The Eurocrisis: Austerity is a Prerequisite, not a Solution

The crisis in the Eurozone will only end when politicians start focusing on structural reform.

Imagine that you are a doctor. A patient hobbles to your desk with a twisted ankle. Would you not be at least slightly perturbed if he immediately demanded: ‘Quick! Amputate my arm!’

Such an analogy may be a slightly unfair comparison to the Eurozone crisis. However, it cannot be denied that, in one of the most extraordinary examples of  mismanagement in modern times, politicians have stubbornly focused on demand-side solutions to a calamity caused by catastrophic supply-side weakness.

At its heart, the root of the Eurozone crisis was caused by disparate levels of competitiveness rather than fiscal brinkmanship. Whilst it is true that many countries, most notably Greece, were models of fiscal ineptitude in the years preceding the global recession, others, such as Spain, actually ran surpluses. Yet even Spain is now engulfed in the economic crisis.

OECD figures reveal the vast disparities in productivity between Eurozone states. The main culprits of the Eurozone crisis have – perhaps predictably – low levels of productivity. Whilst the average Eurozone worker generates $50.90 per hour worked, the average Greek generates a mere $32.60. The average Portuguese worker generates $32.40 an hour and the average Spaniard and Italian also score below the Eurozone average. This is in striking contrast to Germany, Belgium, France and the Netherlands – all of which generate more than $55 per hour worked.

Another sure indicator of competitiveness is the Heritage Index of Economic Freedom. The Eurozone itself is not a highly productive economic bloc, with just four countries in the top 20 and no country in the top 10. However, Greece trails at an almost unbelievable 117th, sandwiched between Senegal and Malawi. Italy fares little better at 83rd, lagging behind the likes of Uganda and Ghana. Ireland is, bizarrely, the most economically free member state in the Eurozone, at 11th, though is in crisis for reasons unique to the other periphery members.


Low competitiveness, caused by high labour costs, state-ownership and expensive and plutocratic regulation, contrasted with other Eurozone countries, most notably Germany, where unit labour costs are lower than they were in 1999. The result has been large trade imbalances, with high, persistent surpluses in ‘core’ Eurozone countries mirrored by high, persistent deficits in the ‘periphery’ countries.

Some argue that this is clear evidence that the ‘Mediterranean states’ must leave the Eurozone. Such a policy would decimate the affected member states GDP in the immediate term, though proponents argue, would also argue that it would enable otherwise uncompetitive countries to devalue their exports into the market. Whilst this may ultimately be necessary, like austerity, this would in effect be hiding the symptoms of the crisis rather than curing it.

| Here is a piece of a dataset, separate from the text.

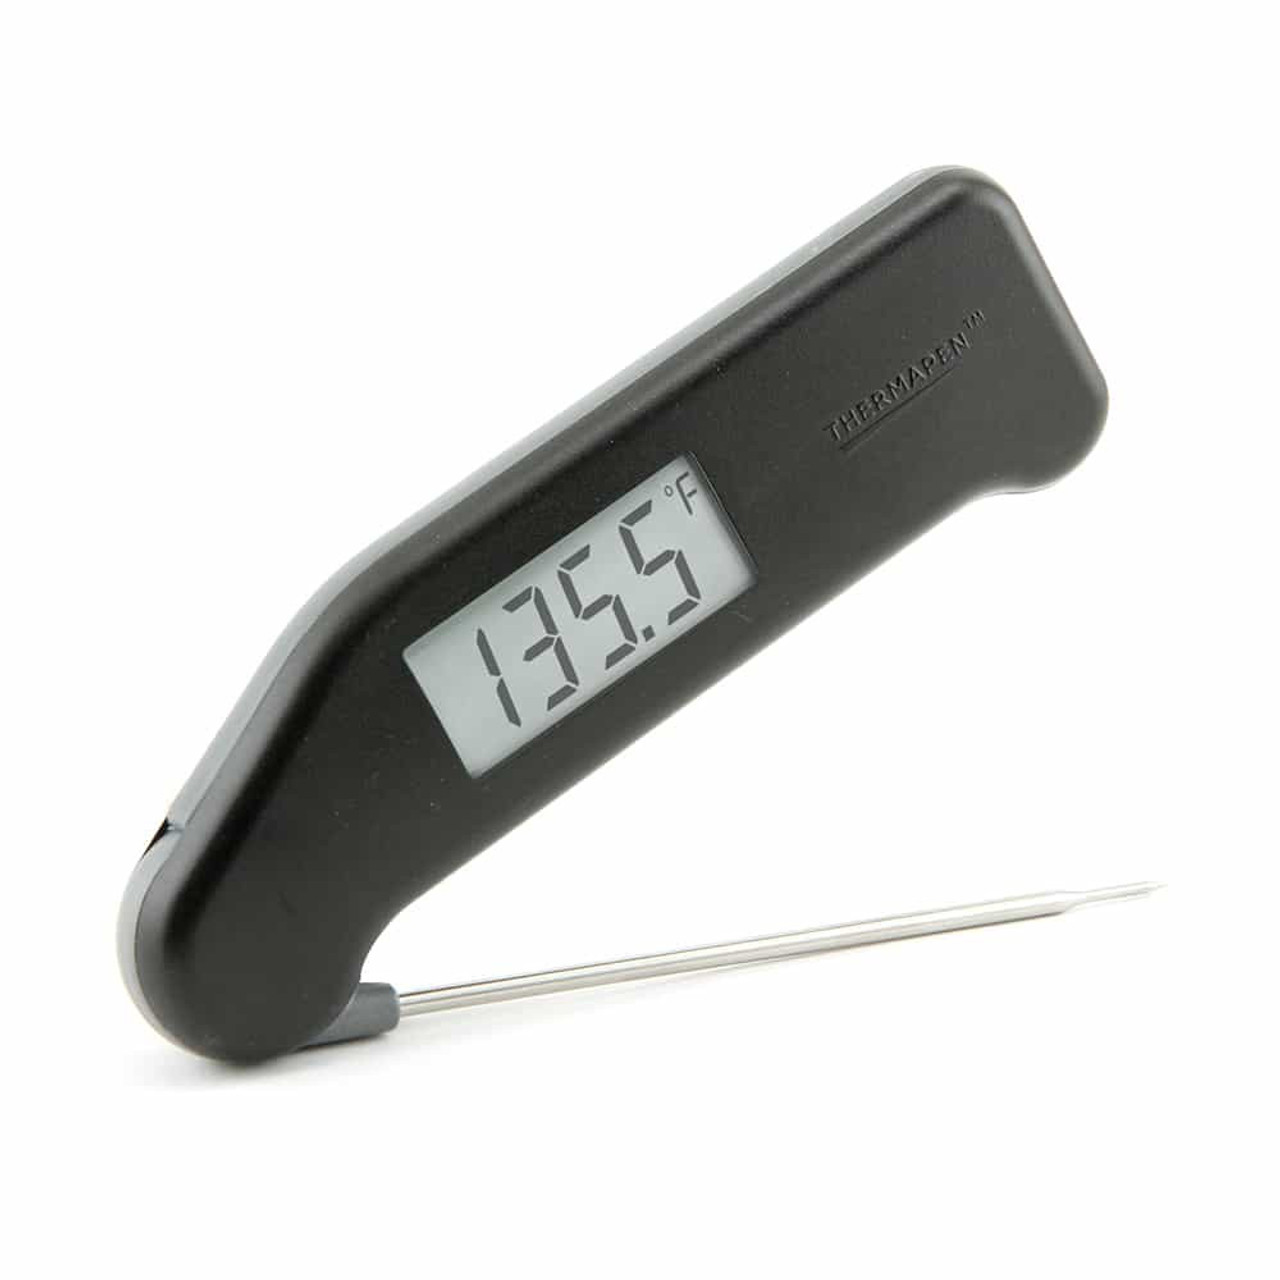 SuperFast Thermapen ONE Thermometer - Digital Instant Read Meat

Uncompetitive countries debasing their currencies may temporarily enable a boost to exports (not that there is any clear evidence that it has worked here in the UK), though they would have to endure similar persistent devaluations in the future. The only long term solution to solving the economic weakness of the PIGS is to improve competitiveness.

Kevin Featherstone criticised successive Greek governments for opaque government statistics, woeful tax and regulation enforcement and cronyism. Greece’s truck regulator did not issue a single license between 1970 and 2010, creating a black market in trucking licenses and some of the most expensive transport costs in Europe. One does not have to be a cynic to suspect that this excessive enforcement is for the benefit of the average Greek truck driver, rather than the average Greek. Liberalising 70 such ‘closed shop’ professions was one of the conditions to Greece’s bailout (as if the predicted 17% boost to GDP was not reason enough).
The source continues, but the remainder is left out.